Proteste in der Türkei: CHP-Parteichef Özgür Özel wird der Regierung gefährlich
Er machte die CHP wieder stark und bietet Staatschef Erdoğan die Stirn: Wer ist der gerade in seiner Rolle bestätigte Özel? Und was macht ihn beliebt?
Der Sonderparteitag war eine Gelegenheit, um die Partei noch einmal auf den Kampf für die Freilassung von İmamoğlu und um die Demokratie einzustimmen. Er war aber auch notwendig: Denn einige wenige CHP-Delegierte hatten die Wahl Özels zum Parteichef im November 2023 wegen angeblicher Unregelmäßigkeiten anfechten wollen. Mit dem Sonderparteitag jetzt ist die CHP diesen – wohl von der Regierung inspirierten – Klagen zuvorgekommen.
Özel hat sich seit Herbst 2023 als gefährlicher Gegner von Präsident Erdoğan herausgestellt. Unter seiner Führung hat die CHP um 12 Prozent in der Gunst der Wähler zugelegt und ist erstmals seit 1977 wieder stärkste Partei des Landes geworden. Bei den Kommunalwahlen im März 2024 hat die Partei die regierende AKP vernichtend geschlagen.

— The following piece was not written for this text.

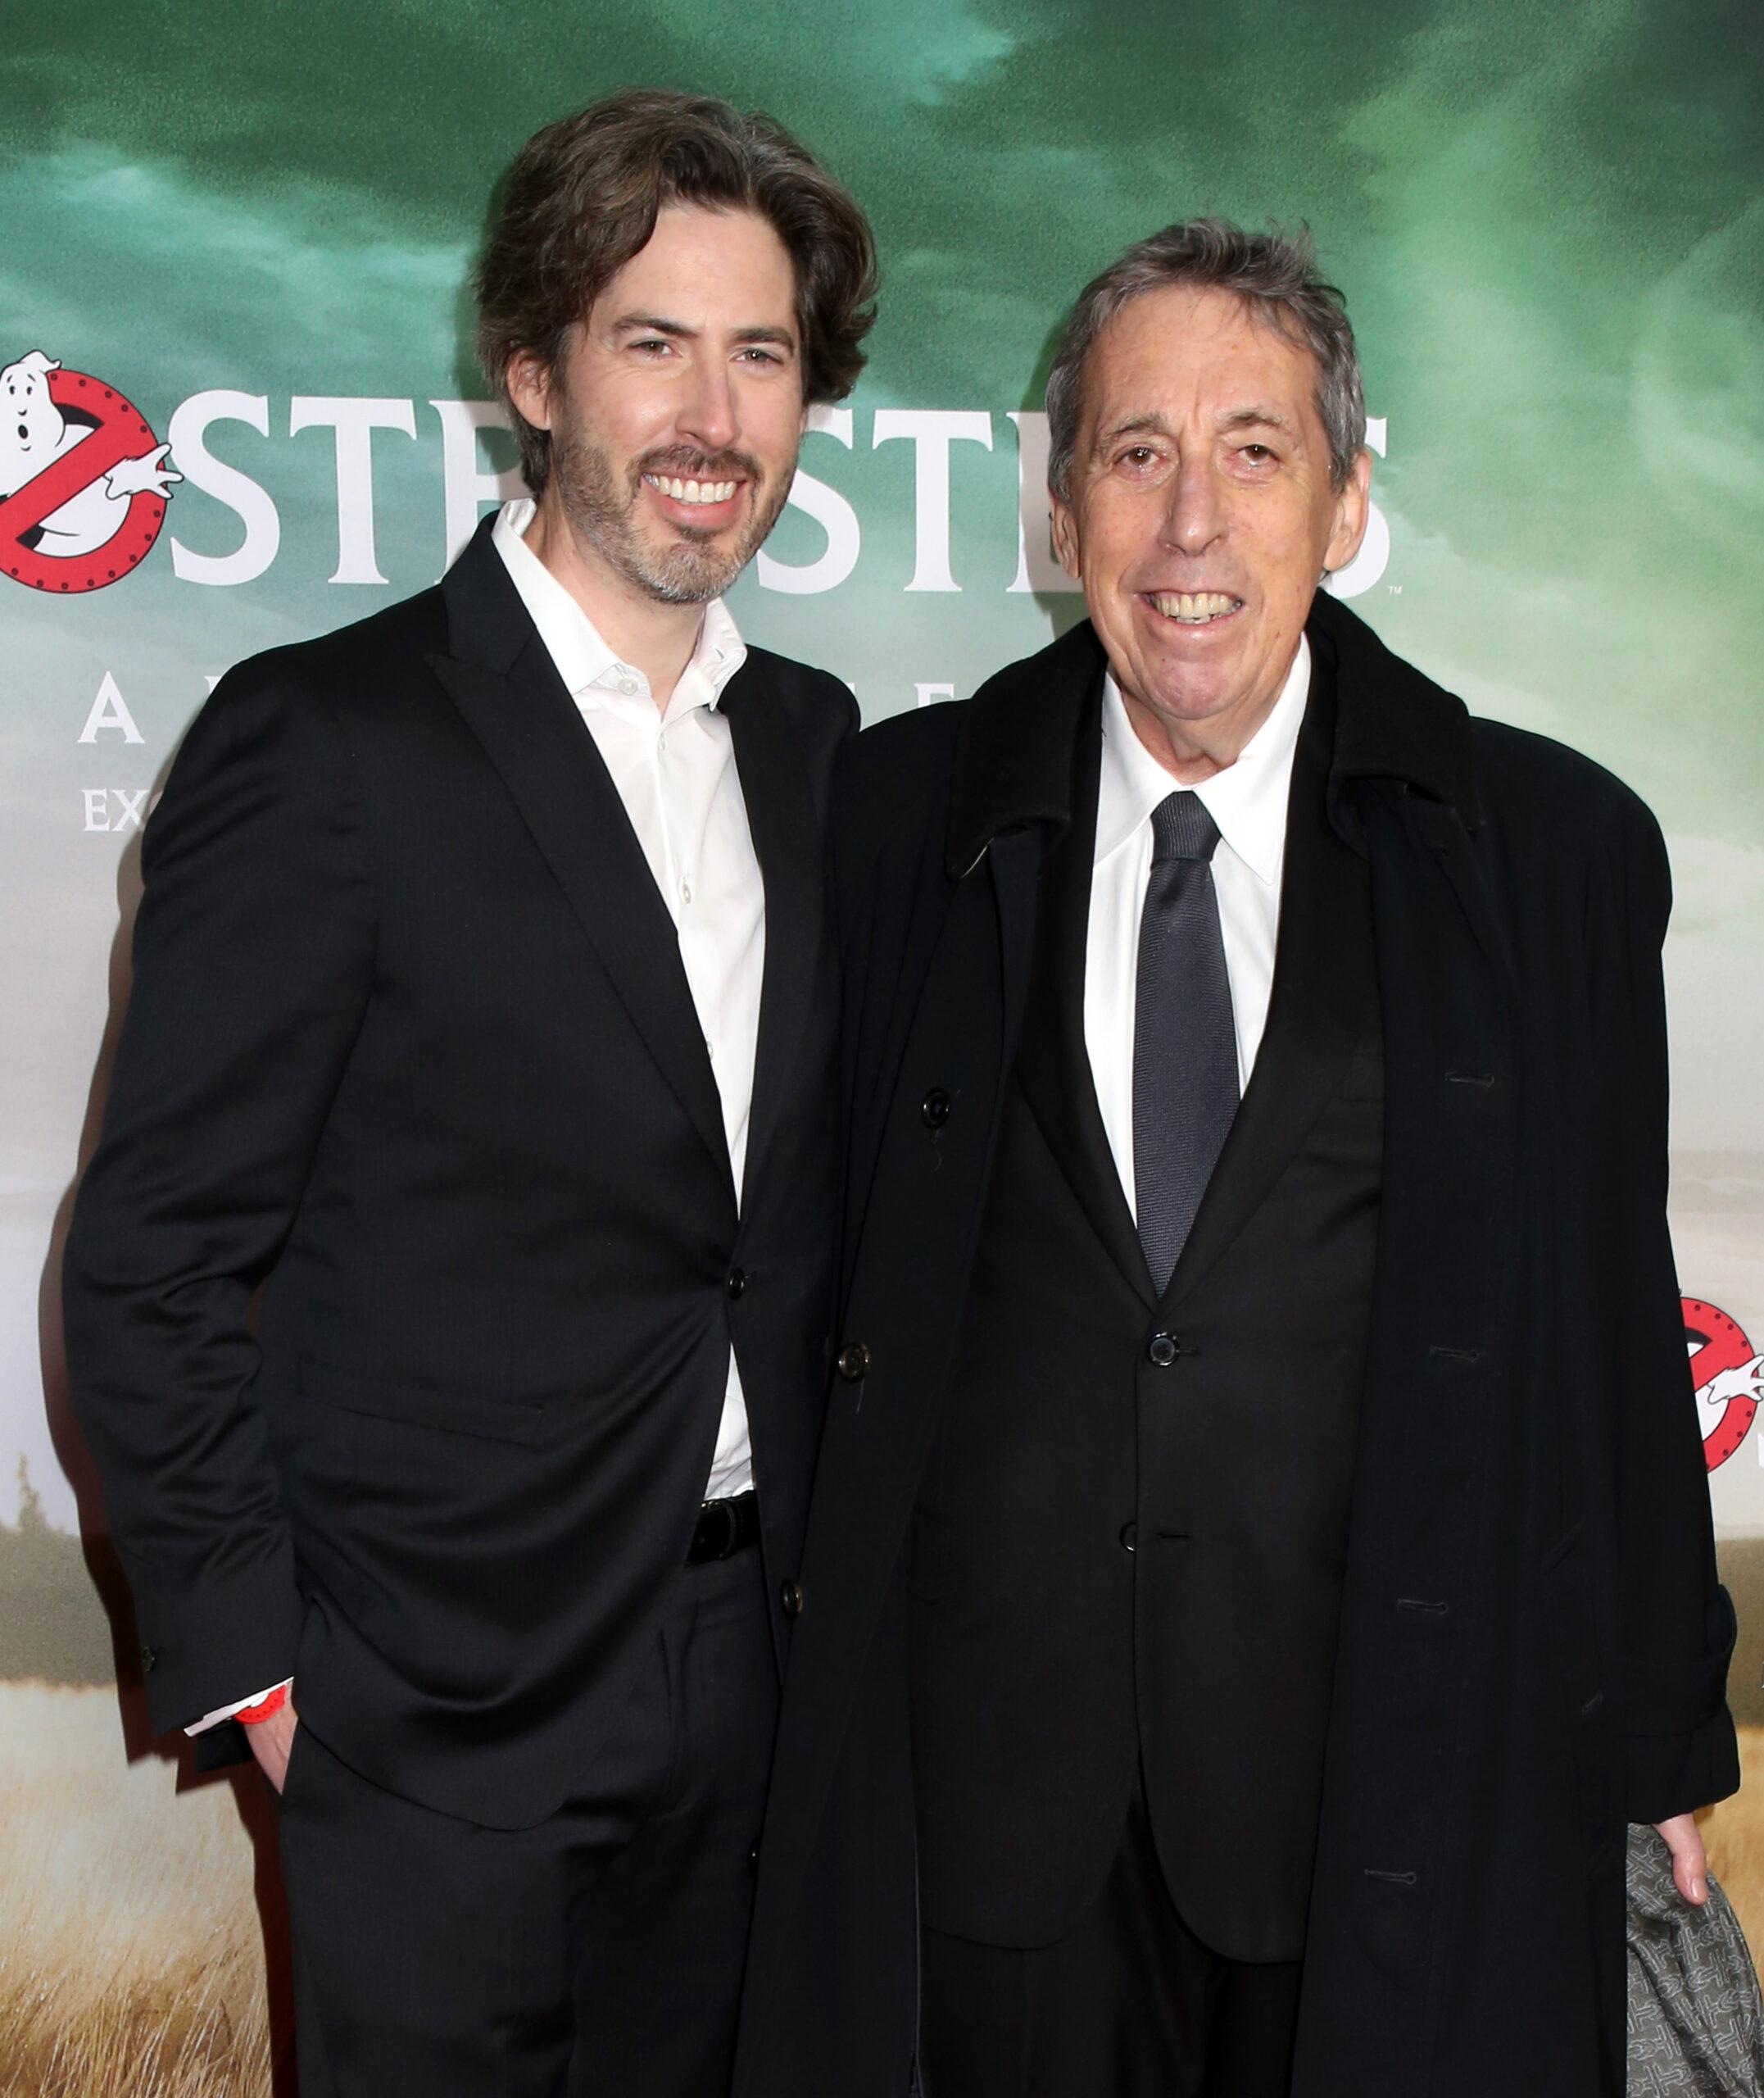 Director Ivan Reitman died peacefully in his sleep at his home in Montecito, California at the age of 75 on February 12, 2022. Ivan Reitman and Genevieve Robert at the Los Angeles premiere of "Tully" held at the Regal Cinemas L.A. Live on April 18, 2018 in Los Angeles, CA. © O'Connor/AFF-USA.com. 13 Feb 2022 Pictured: Jason Reitman and Ivan Reitman. Photo credit: OConnor/AFF-USA.com / MEGA TheMegaAgency.com +1 888 505 6342 (Mega Agency TagID: MEGA828246_001.jpg) [Photo via Mega Agency]
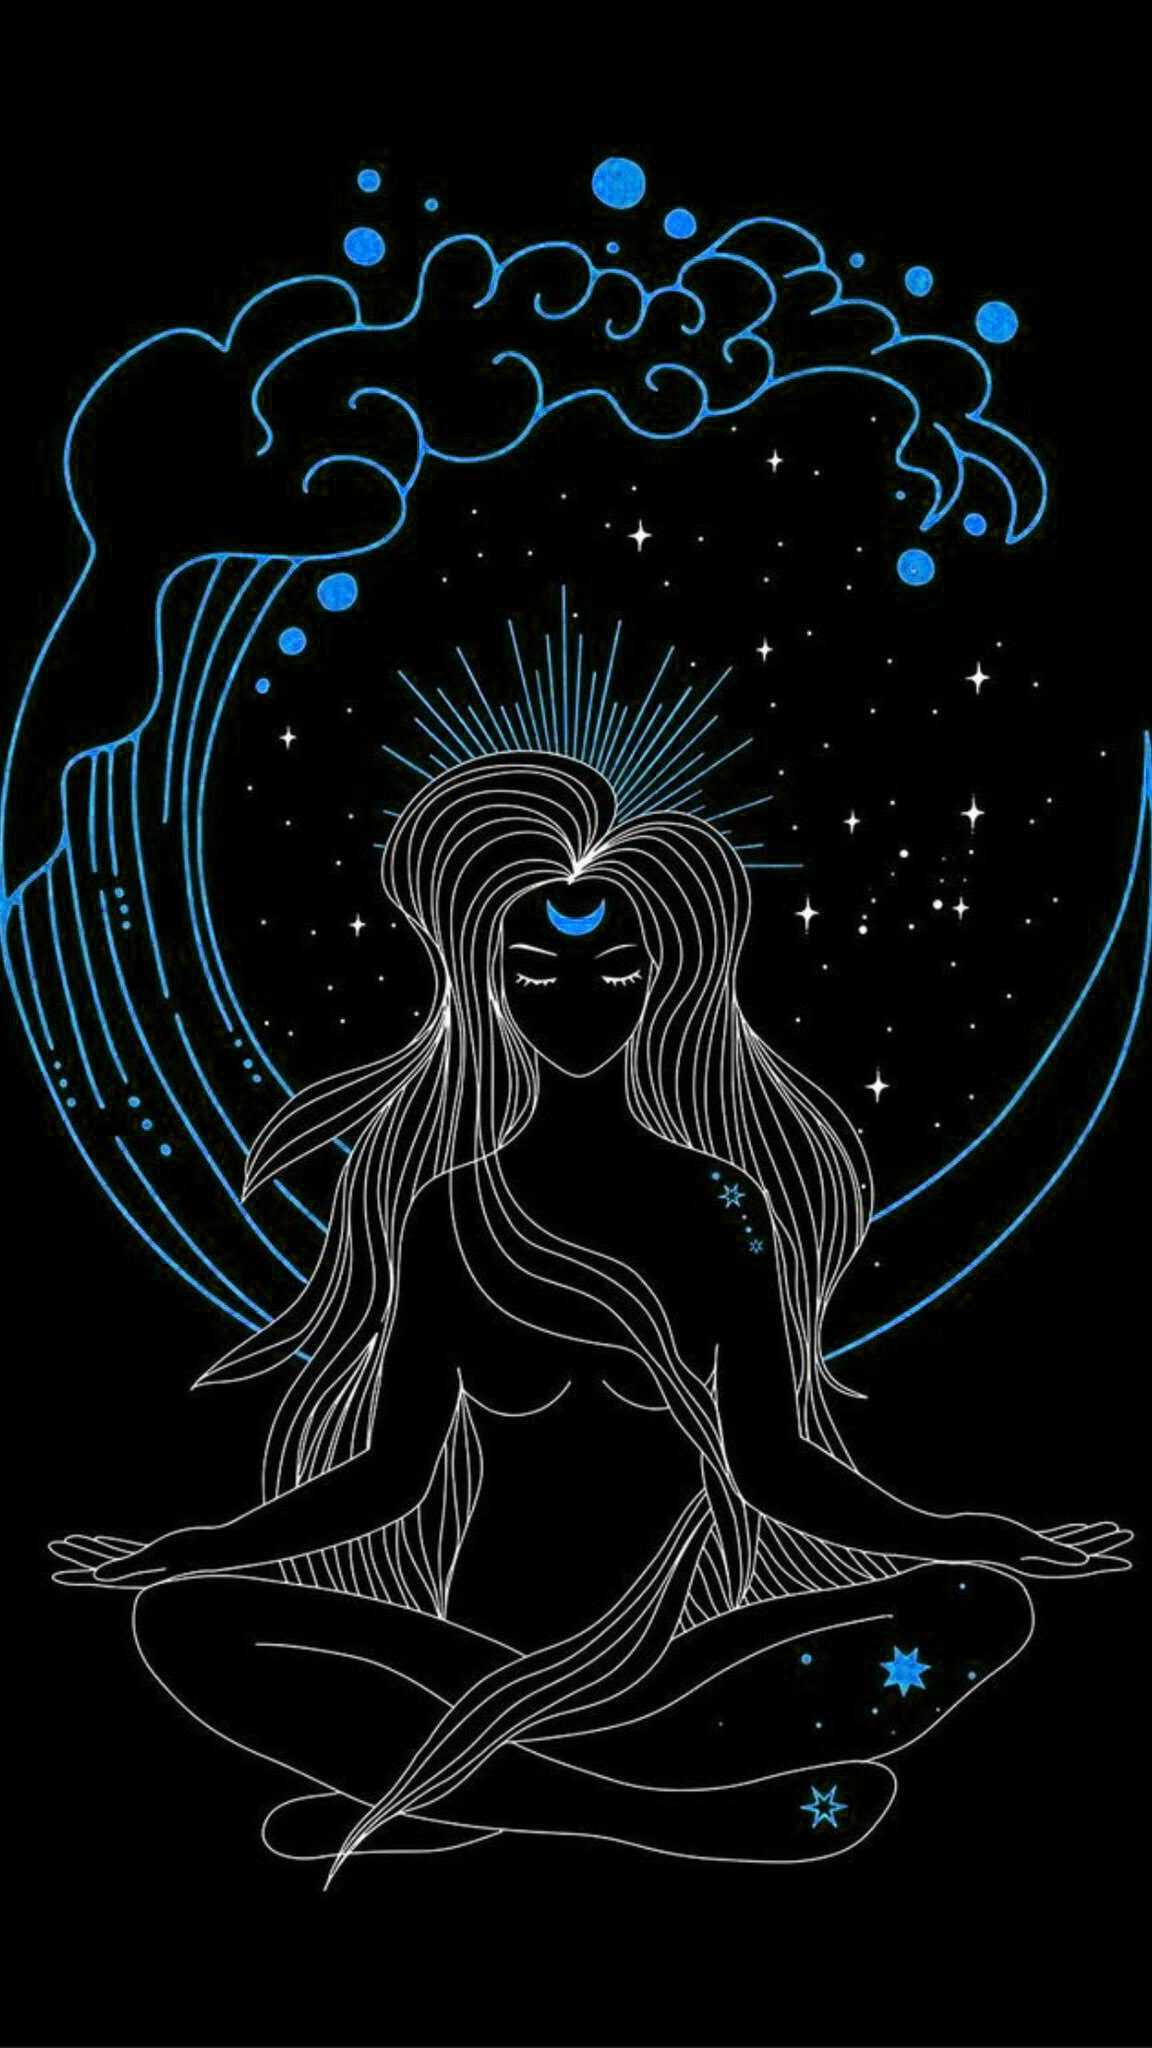 A woman in the lotus position with stars and waves - Spiritual

Seit seiner Wahl bildet Özel gemeinsam mit Ekrem İmamoğlu ein Führungsduo, das sich von vorherigen CHP-Parteichefs unterscheidet. Beide sind um die 50 Jahre alt, beide waren selbstständige Kleinunternehmer, bevor sie in die Politik gingen. Özel führte eine Apotheke, İmamoğlu leitete eine kleine Baufirma, die er von seinem Vater übernommen hatte. Unter Özel und İmamoğlu konnte die Partei ihre Beamtenmentalität abstreifen und auch den von den traditionellen Kemalisten mit Verbissenheit geführten Kampf gegen das Kopftuch hinter sich lassen. Außerdem drängten sie die Nationalisten in der Partei zurück und solidarisierten sich mit den kurdischen Bürgermeistern, die von Erdoğan aus dem Amt gedrängt und durch Zwangsverwalter ersetzt wurden. Nicht zuletzt deshalb unterstützt nun auch die kurdische DEM die Kampagne zur Freilassung von İmamoğlu.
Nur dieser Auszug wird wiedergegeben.